Isn't this already a cliche in and of itself? I tried out Cautious Hero because some reviews said it was at least funny (it wasn't) and it was already elbowing you HARD about "getting hit by a truck" and "otaku are familiar with this premise so let's go with it." And you know you've hit rock bottom when the self-deprecating metatextual acknowledgement itself is trite and played out.

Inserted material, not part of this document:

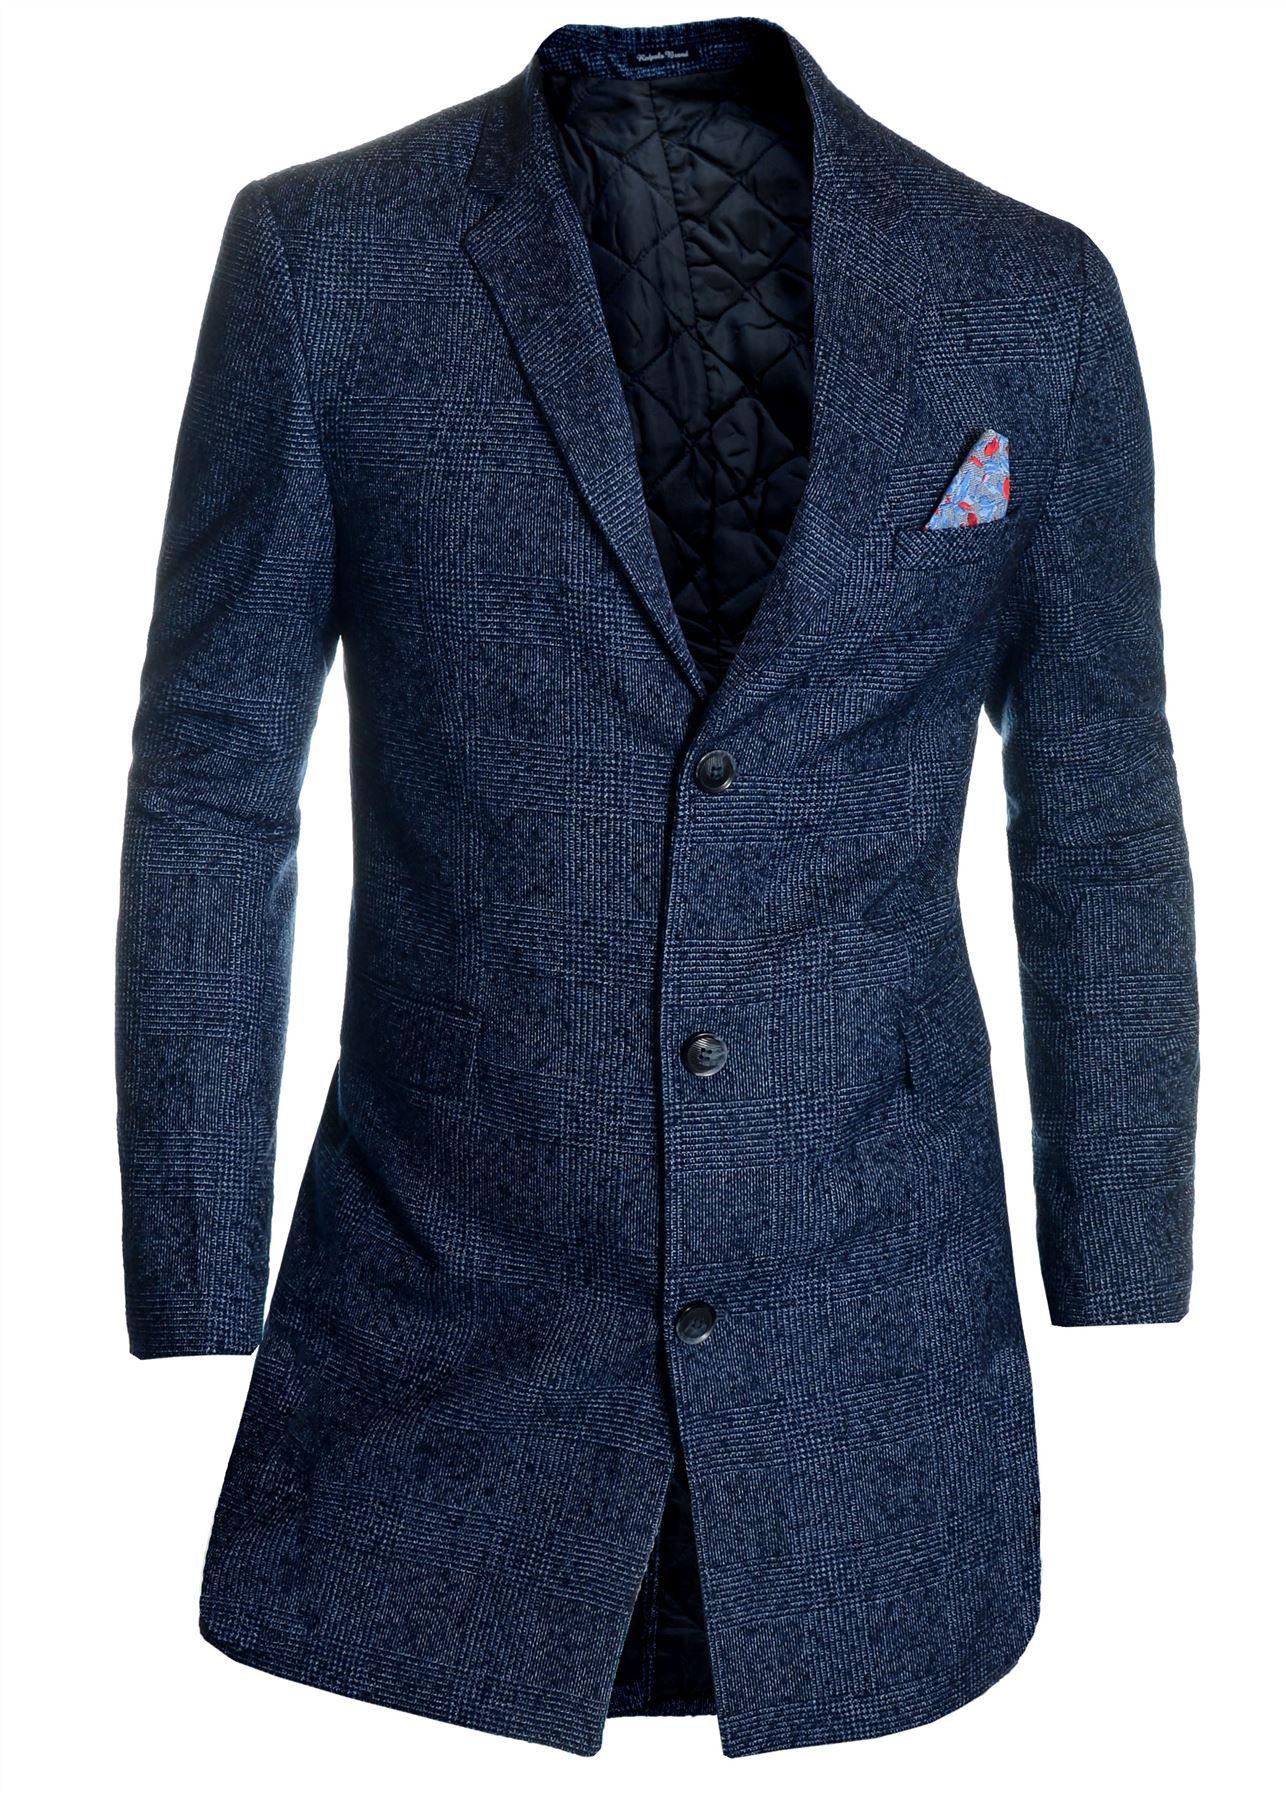 Men-039-s-Checkered-Coat-3-4-Long-Tweed-Cashmere-Wool-Trendy-Formal-Winter-Overcoat thumbnail 7
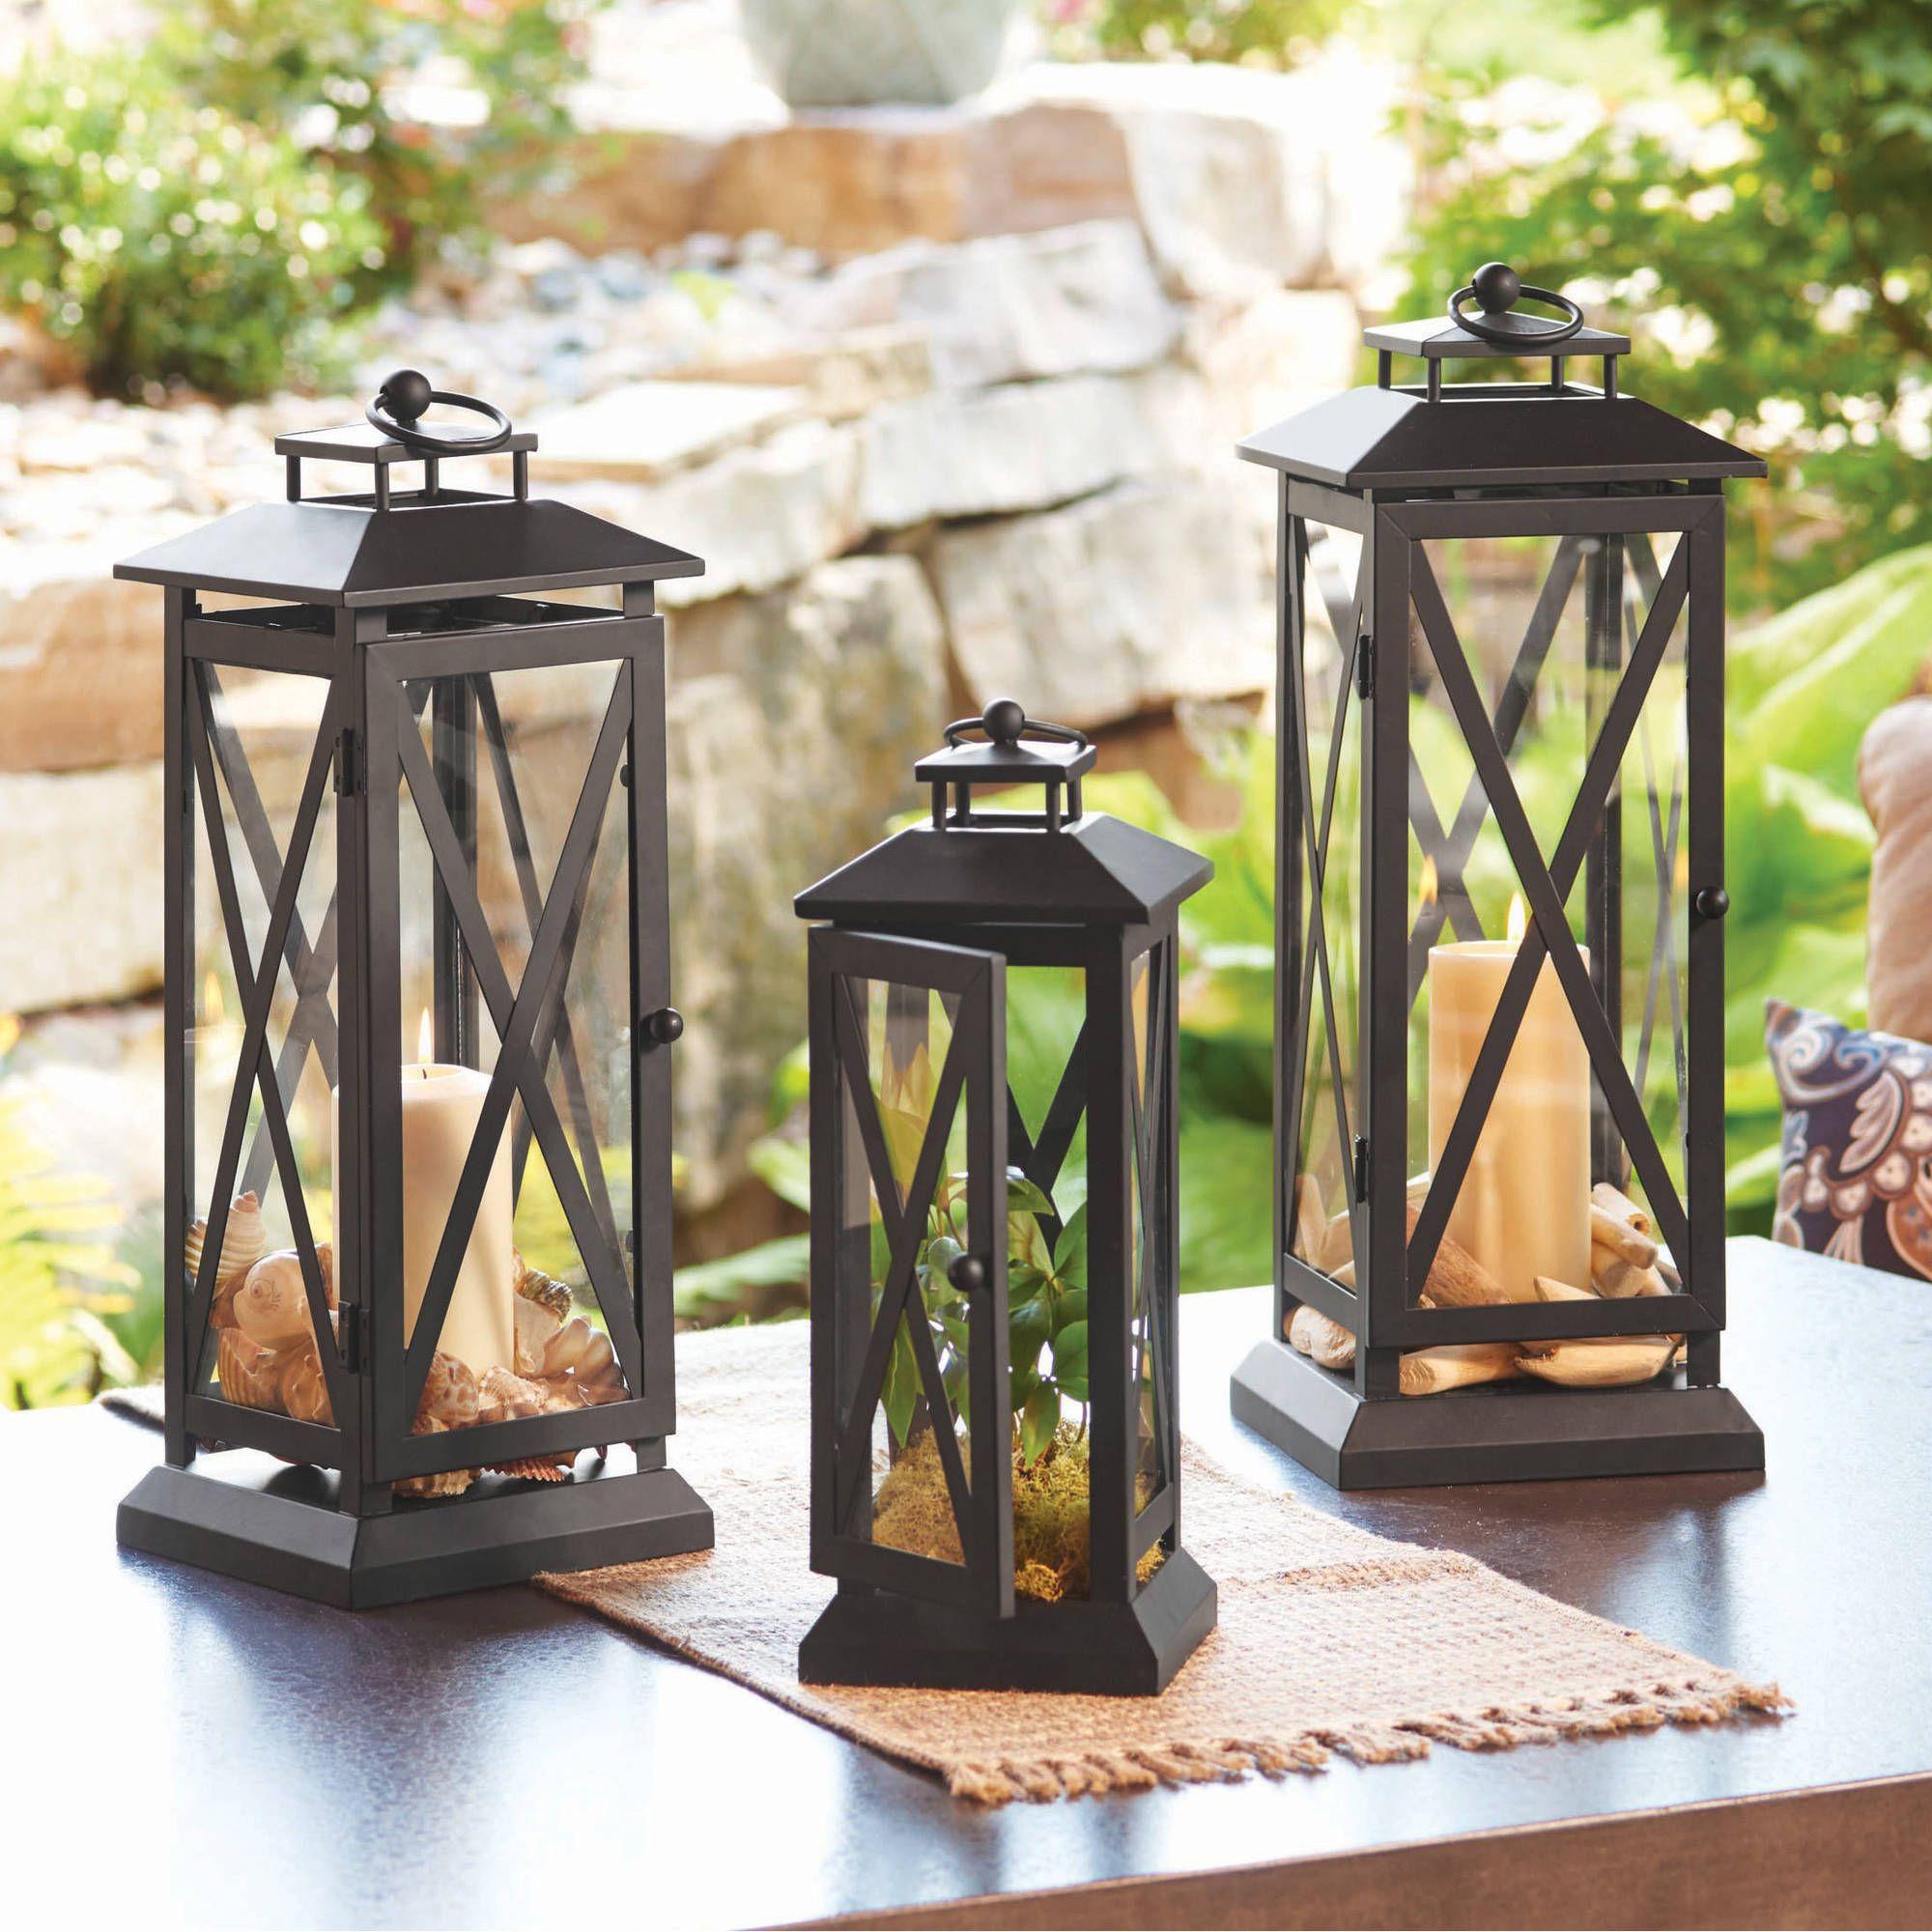 cc4e34030ec570d30a9fb9911c6af40d - Better Homes And Gardens Farmhouse Large Lantern Rustic Finish

Anyway the 8yo love interest aspect is hyper-gross and I hope one day the people who decide which LNs to adapt get struck by lightning a runaway truck and they end up isekaing as background characters into, iunno, Berserk.
 

JBear

Internet's foremost Bertolli cosplayer
(He/Him)
Talentless Nana
My favourite thing about this one is how carefully written the online summary is to read differently before and after you've watched the first episode (not spoiling it, since, as mentioned, it's carefully crafted so as to not be a spoiler, although probably still don't read it if you plan to watch it):

It is the year 20XX. Earth has been assaulted by monsters known as 'the Enemy of Humanity'. In order to deal with this threat, special schools comprised of teenagers with extraordinary abilities were formed. These people, who came to be known as 'the Talented', have abilities that defy the rules of reality. Among these superpowered individuals was an outlier, someone who was sent to one of these schools despite having no innate special abilities whatsoever. This is the story of our protagonist, who attempts to defeat the Enemies of Humanity through the use of intelligence and manipulation.

ETA: Anyway, given the ED, I have less faith than Johnny that this won't go full edgelord, but I hope I'm wrong!